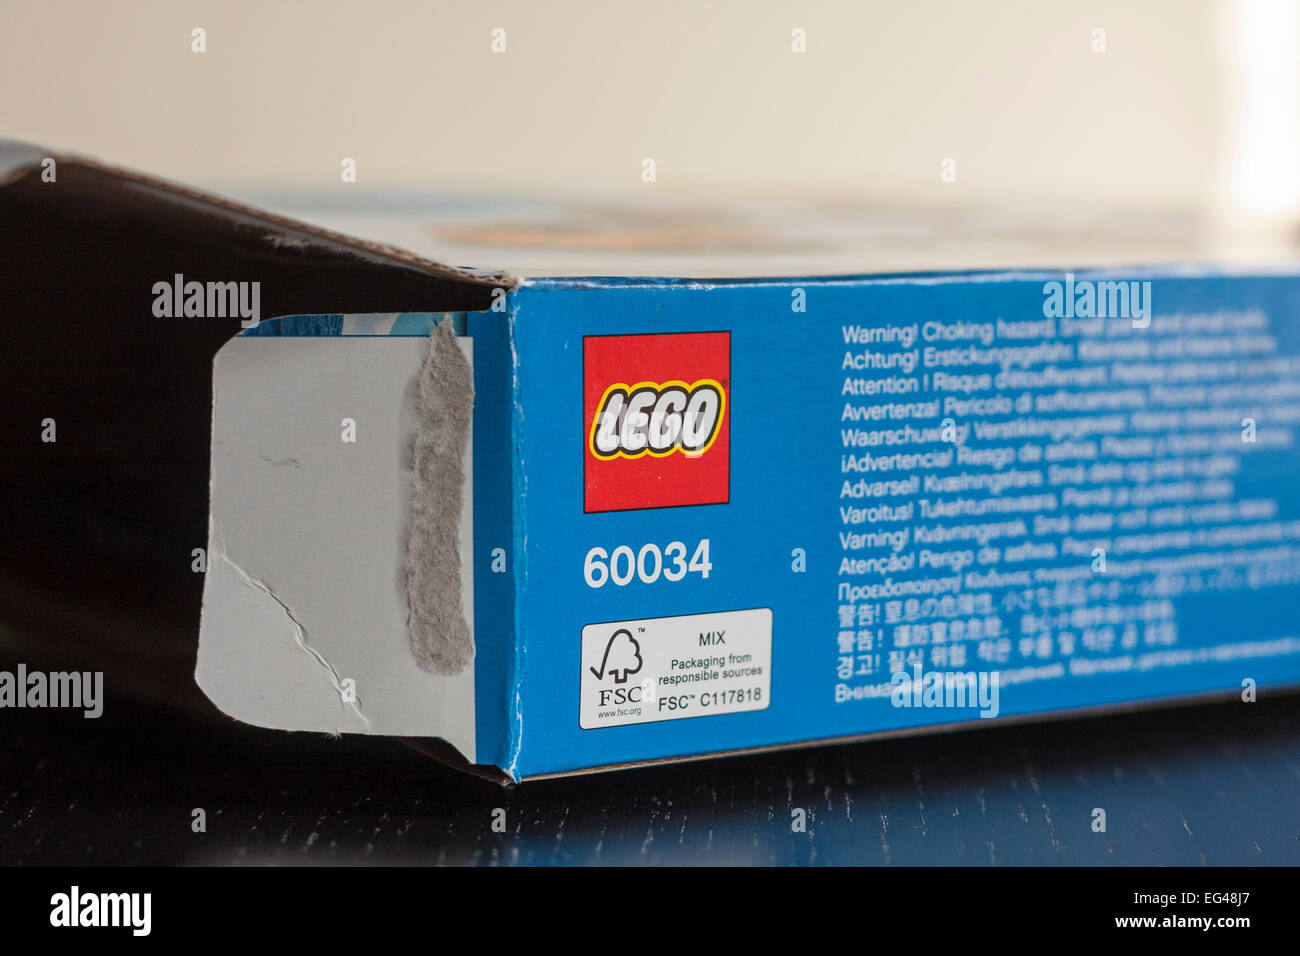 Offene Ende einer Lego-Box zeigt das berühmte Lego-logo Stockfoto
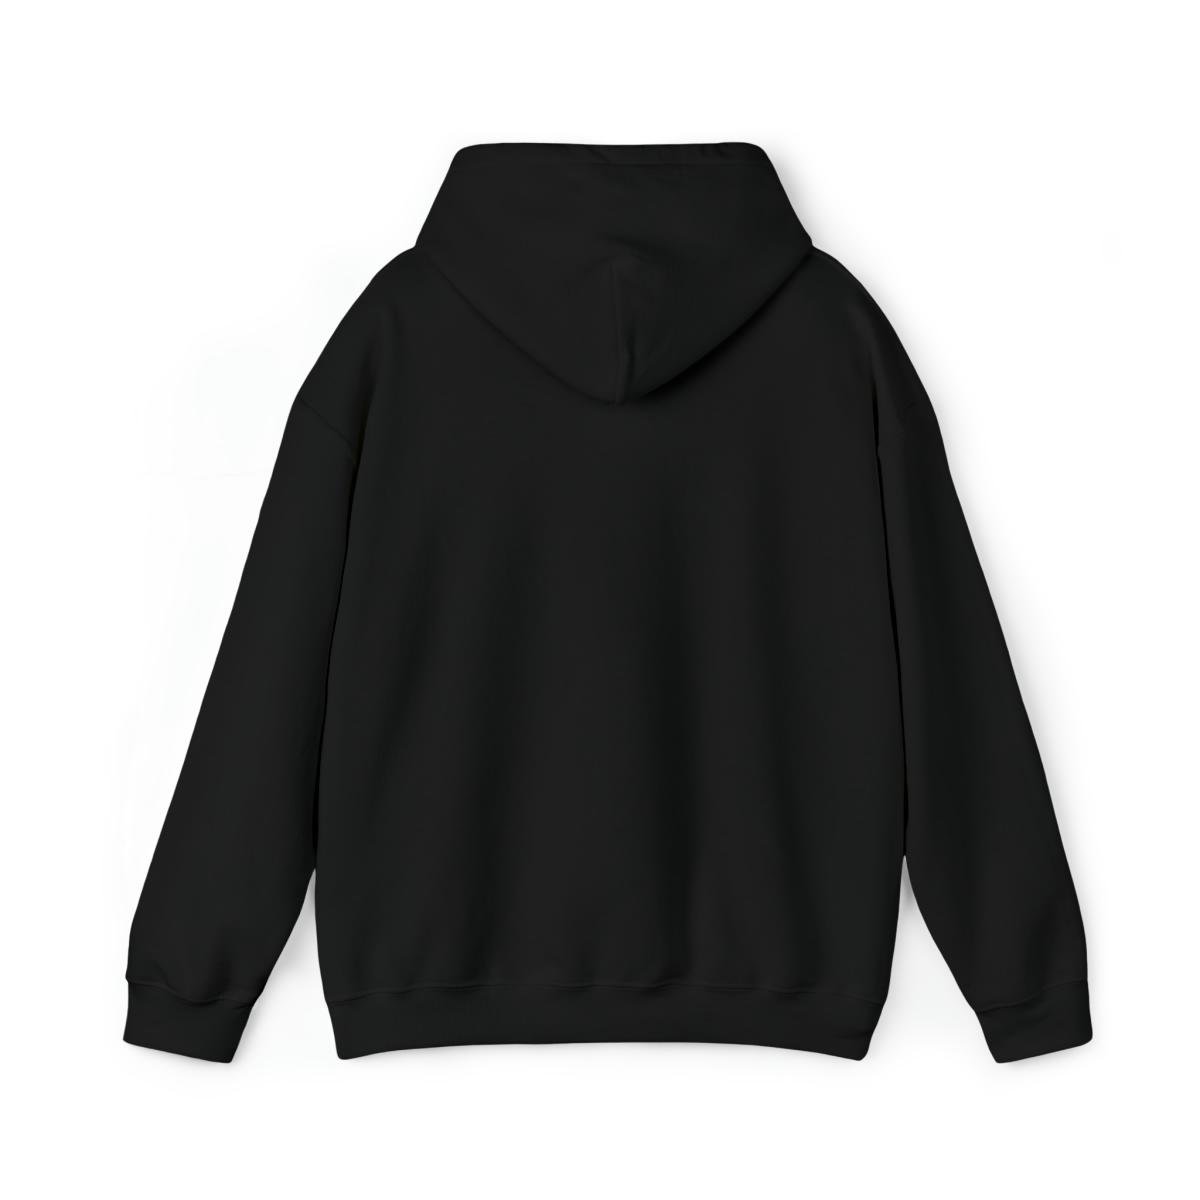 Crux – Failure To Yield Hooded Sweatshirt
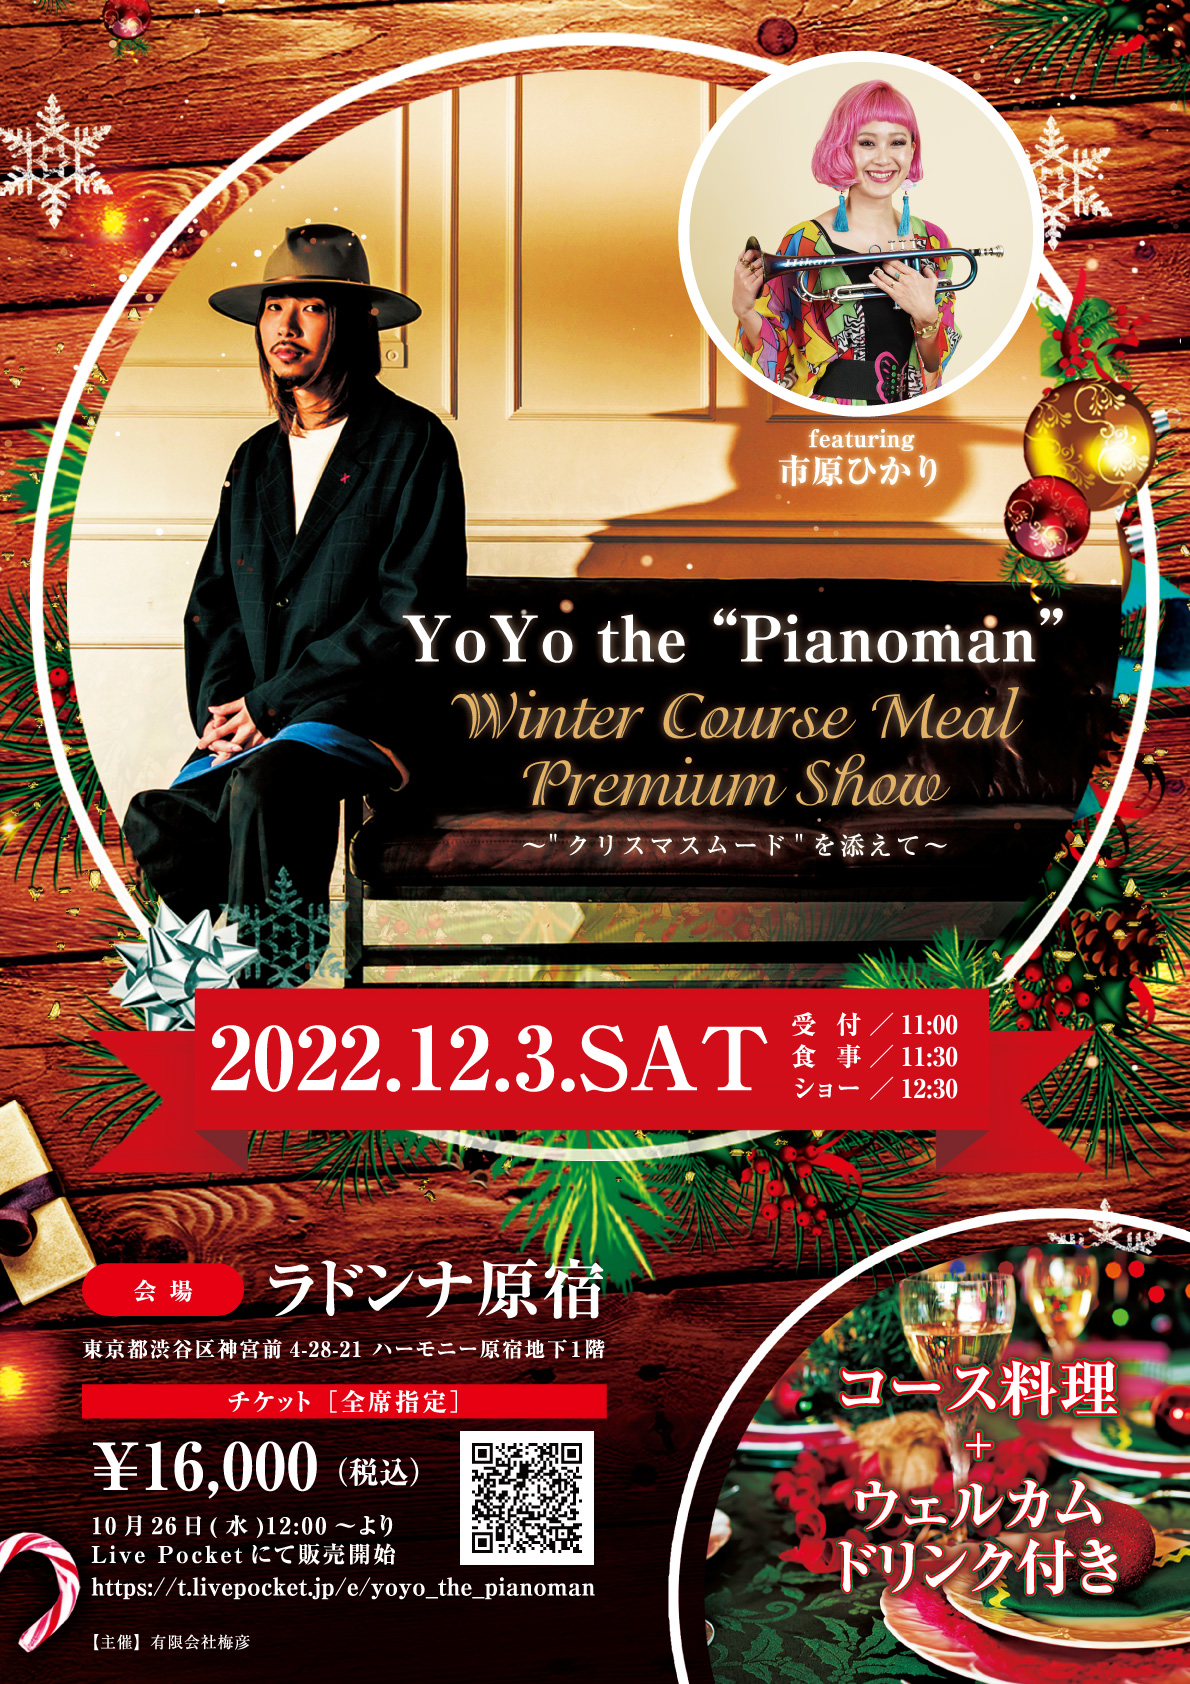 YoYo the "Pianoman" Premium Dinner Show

# [Problem description]
Retype the whole listing exactly and leave the pictures out.

# [Output]
 Offene Ende einer Lego-Box zeigt das berühmte Lego-logo Stockfoto
 Crux – Failure To Yield Hooded Sweatshirt
 YoYo the "Pianoman" Premium Dinner Show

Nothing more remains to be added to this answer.